Data shows trials spiked on March 23 — the day National Cabinet implemented widespread stage 1 restrictions that limited the size of gatherings and required businesses like pubs, cafes and cinemas to close.
“We feel like these changes may be here for good,” a Hubstaff spokesperson said of the uptake.
“Once a person can prove to their manager or boss that work can be done efficiently and effectively from home or remotely, it’s hard to justify the expense of the office, the commute, and the effects these things have on the lives of employees.”
Another company, which offers a program called Controlio, said its uptake around the globe had tripled this year, while a group called Veriato said it had seen “dramatic adoption”.
“We see the same trend in Australia: 2-3 times more free trials, new account registrations, sales — everything. Everything has risen,” Controlio product manager Alexander Makhanev said.
‘All about discipline and domination’
Jathan Sadowski is a research fellow in the Emerging Technologies Research Lab at Monash University and has a blunt assessment of this type of software.
“I don’t want to mince words here — these are technologies of discipline and domination … they are ways of exerting power over employees,” he said.
“A lot of the productivity tools, as they’re called, have the ability to be installed secretly onto computers.
“Others are very upfront about it, because that’s part of the disciplinary power, knowing that a screenshot is being taken, that you are being watched and tracked and recorded.”
The technology skews towards white-collar industries and grew in media and design workplaces, Dr Sadowski said, but he expected more administration, finance and university employers to adopt it soon.
His key criticism is that the technology is designed and marketed with bosses in mind, and the rights and experiences of the worker are ignored.
He said it stems from a demand for ever-greater profits, productivity and efficiency where employees are seen as assets, not people.
And he doesn’t give any credence to the idea that workers are on company time and therefore it’s no different to being watched by a boss in an office.
“I don’t think it holds up because we’re talking about a difference in both degree and type,” he said.
“That’s exactly what these tools are, they’re a way to turn that kind of white-collar office work into that kind of digital cage.”
Mr Makhanev from Controlio said he understood the concerns, but added that software like his allowed the employee to switch it off.

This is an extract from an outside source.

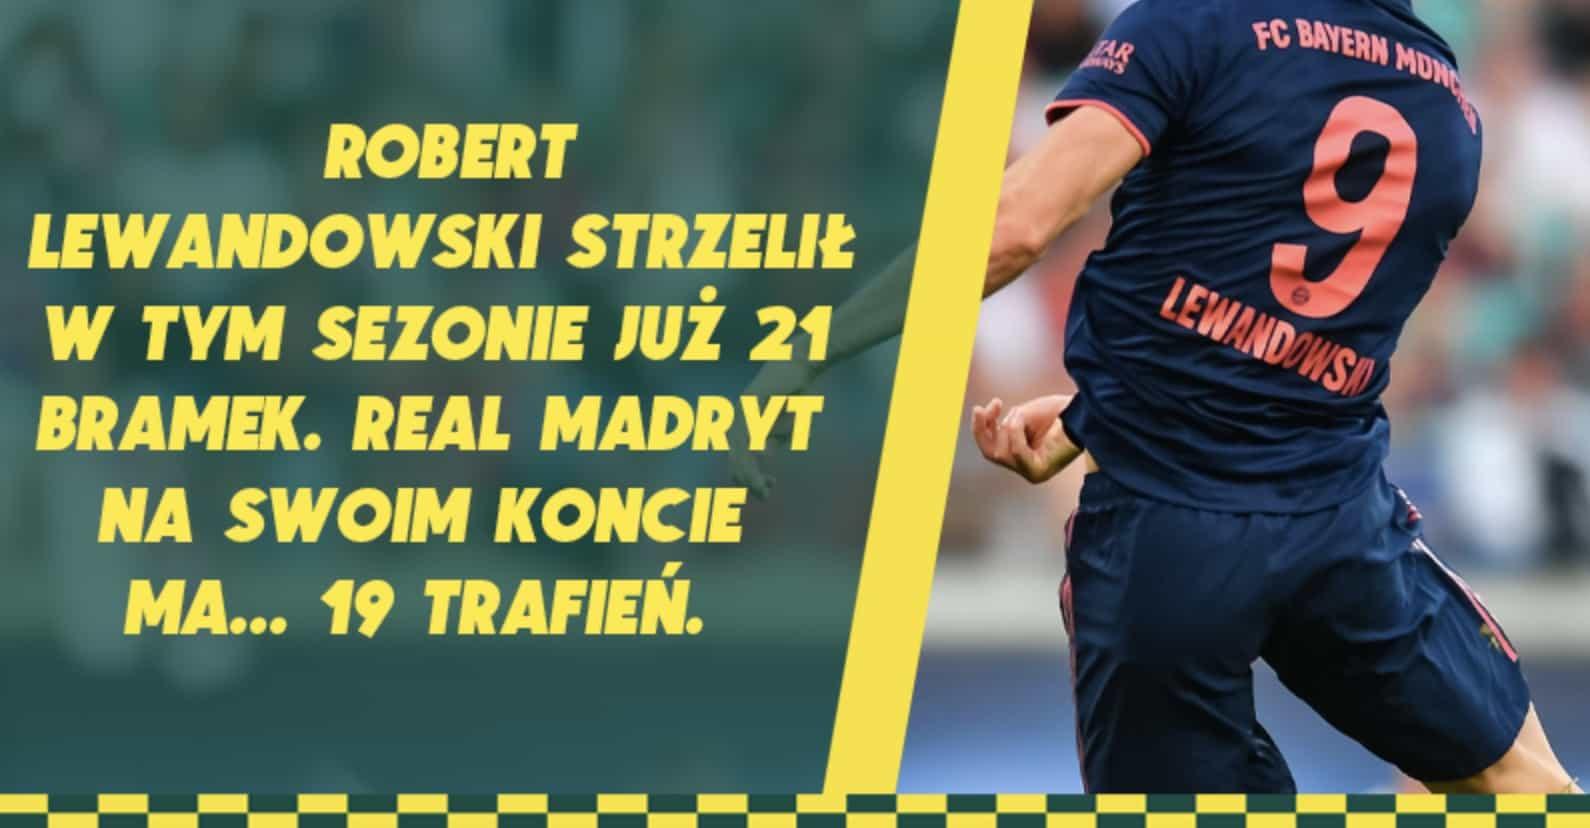 Zakłady Specjalne Betfan listopad 2019. Lewandowski lepszy od Messi'ego?

“So it has no issue with privacy because if you are doing something for your job you should start this program, just to prove that you’re online … but you can start and stop manually,” he said.

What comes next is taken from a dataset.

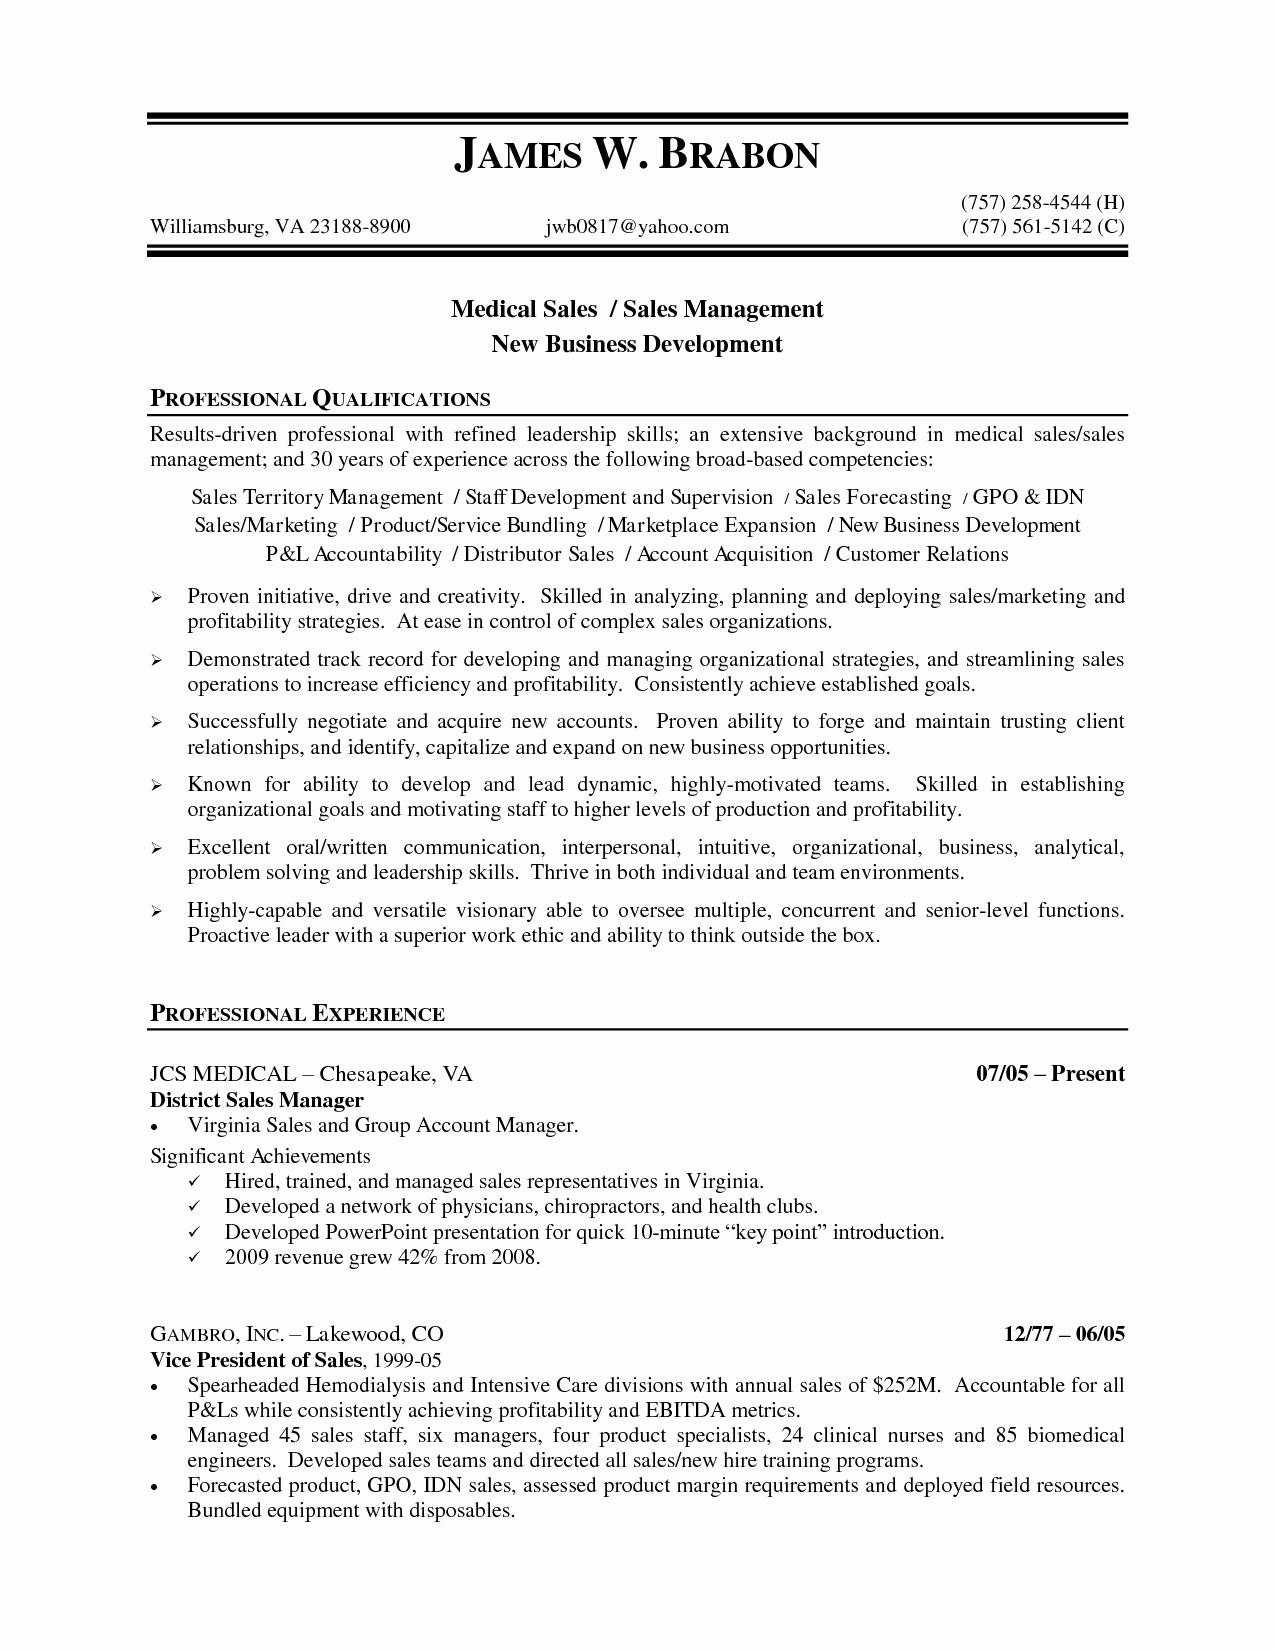 Medical Sales Manager Resume Sample

‘A strong need for law reform’
Philosophical differences aside, there remain concerns around how these programs are regulated — particularly given many companies are based overseas.
Mr Makhanev said Controlio, which is based in New York, stored a user’s data for six months and didn’t sell the information to any third party.
He added it was only accessible by the customer and not even Controlio staff could see it.
Yet Maurice Blackburn employment lawyer Kamal Farouque warns Australian employers to tread carefully.
“There’s certainly Commonwealth laws which regulate the transfer and retention of private information in overseas locations, and so employers would have to be very cautious that they are complying with those requirements,” he said.
“The use of that information might, in a practical sense, be beyond the oversight and regulation of Australian law.”
More broadly, he said Australian regulations hadn’t kept pace with this sort of employee-monitoring technology.
“Categorically, definitely not,” he said.
Mr Farouque said there was a “complicated web” of federal and state laws around employee monitoring and many were not specifically directed at this sort of software.
He added that employers should carefully consider the particular enterprise agreements of their staff before bringing in new tracking software.
“There is a really strong need for law reform in this area,” he said.
“Particularly in a situation where now the line between work and home is being blurred.
“That trend is likely to obviously continue even post COVID-19.”